Ma ogni retaggio, come ben sappiamo, porta con sé conseguenze positive e negative; per esempio il razionalismo di quel tempo – seppur per via involontaria – indusse nei periodi successivi e induce ancora oggi il senso comune a esaminare con forte circospezione, e se possibile a “condannare”, ogni espressione che proceda contro la figurazione e le sue norme canoniche.

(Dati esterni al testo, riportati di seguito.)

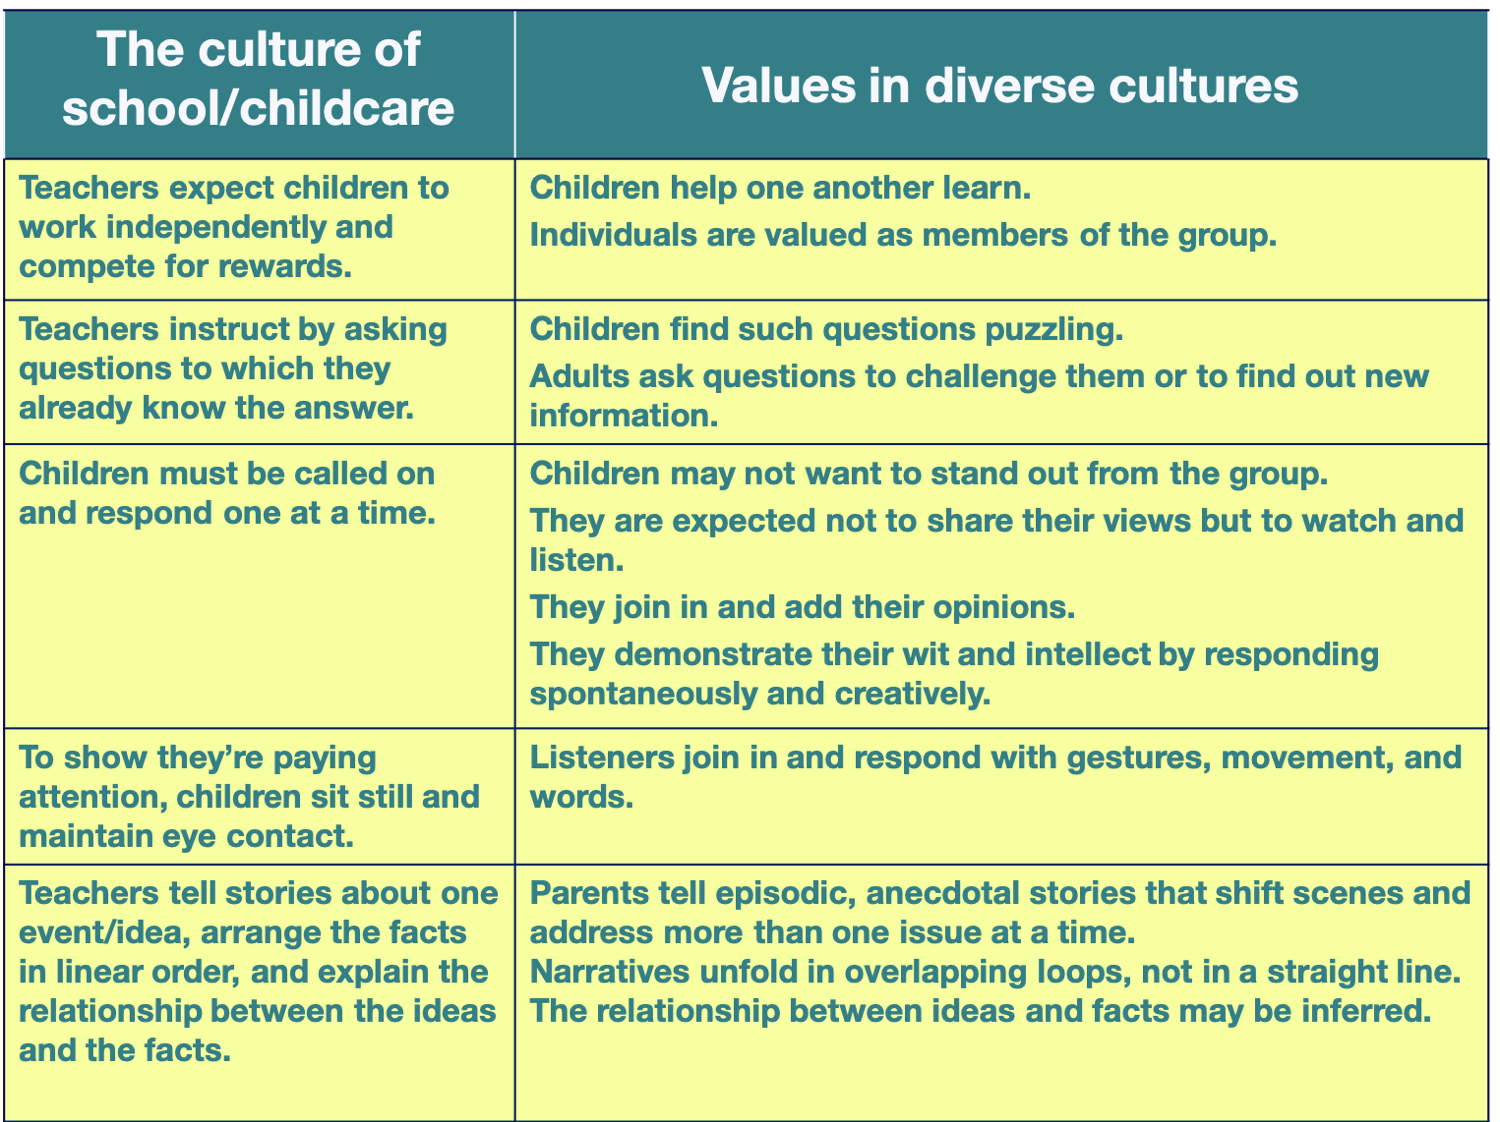 Culture of school/childcare vs. values in diverse cultures

Un aspetto speculare dell’azione spasmodica con cui gli artisti, determinati a liberarsi dal giogo di un modello ineguagliabile, hanno in seguito ricercato il risultato originale e sconvolgente.
Sarebbe interessante tracciare, relativamente a tali dinamiche, una “mappa” della comprensione; perché se nel passato almeno fino al Manierismo, in un’epoca in cui la cultura media era certamente inferiore all’odierna, nessuno si sognò di deridere un’artista – complice il ruolo narrativo della pittura, Biblia pauperum – oggi invece le maggioranza è solita etichettare i risultati della contemporaneità come una stravaganza fine a se stessa (conclusione questa solo occasionalmente vera, e comunque non accettabile poiché derivante dal rifiuto pregiudiziale più che dall’analisi).
Dunque, sembra che il trascorrere dei secoli non abbia portato a una progressione nel ruolo partecipativo dell’arte all’esistenza: certo, siamo ormai ben disposti a guardare un’opera perturbante dentro un museo o dentro una galleria, ma lo siamo molto meno nel considerare la stessa opera quale elemento attivo della vita quotidiana. Un orinatoio rovesciato, per non dare fastidio, bisogna che sia staccato dalle tubature e innalzato su un piedistallo. Per simile dinamica, seppur con movimento inverso, una grande scritta blu al neon – all art has been contemporary – installata all’esterno del corridoio vasariano di fronte al fiume e ai colli, si trasforma nell’immaginario comune in un’invasiva pubblicità di ristorante.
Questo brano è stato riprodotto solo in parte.